• [SOURCE MATERIAL]
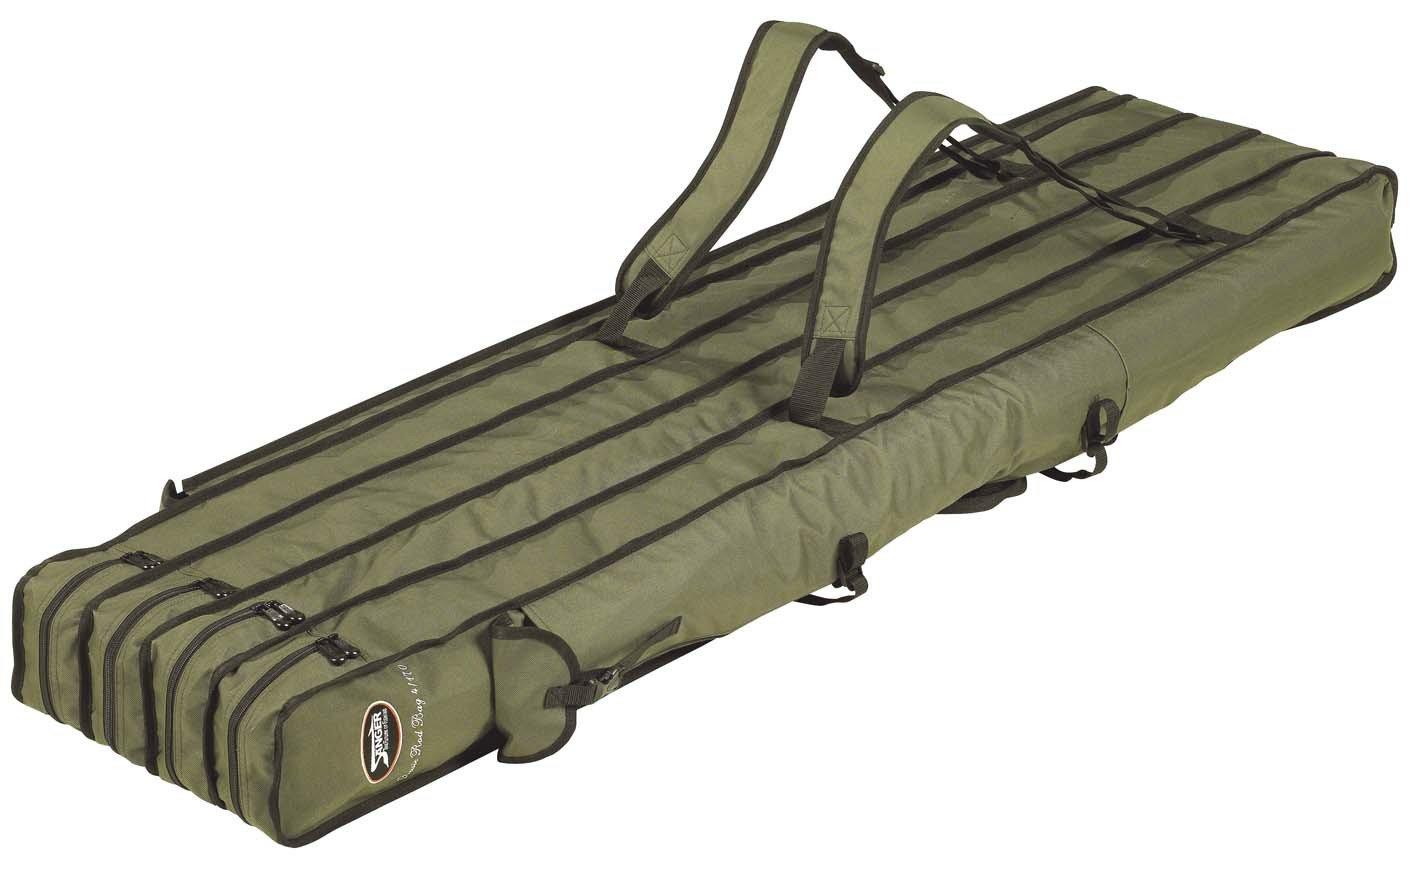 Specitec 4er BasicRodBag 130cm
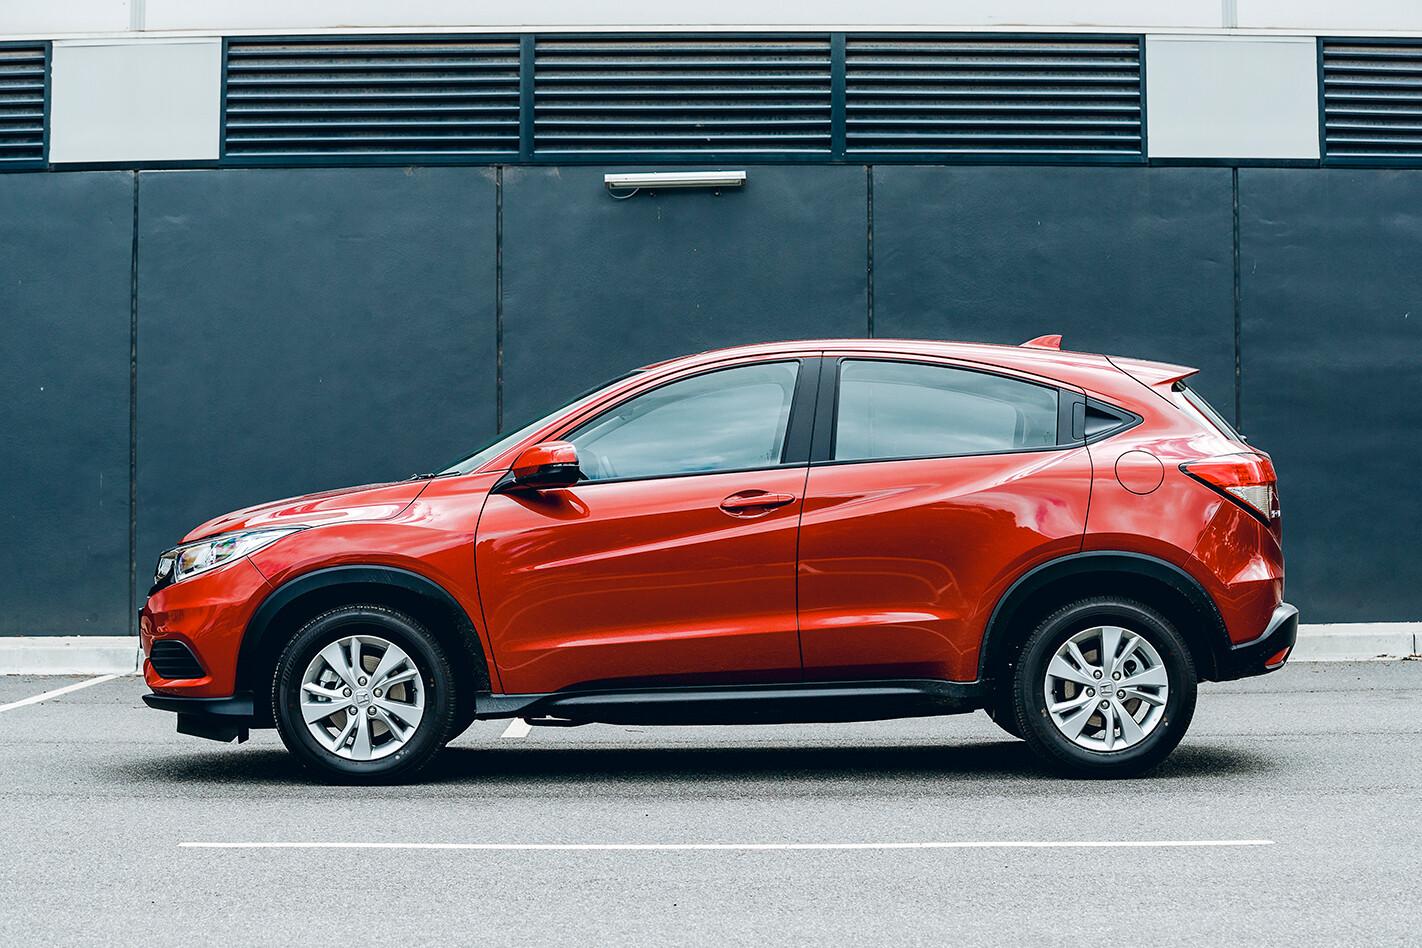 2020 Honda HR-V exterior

==

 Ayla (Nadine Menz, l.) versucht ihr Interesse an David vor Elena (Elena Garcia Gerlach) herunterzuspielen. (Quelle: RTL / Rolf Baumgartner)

• [ACTION ITEM] In the listing above, find the line containing "Specitec 4er BasicRodBag 130cm" and the line containing "2020 Honda HR-V exterior", then output those two lines and everything between them exactly as written, without the images.

• [RESPONSE BOX]
 Specitec 4er BasicRodBag 130cm
 2020 Honda HR-V exterior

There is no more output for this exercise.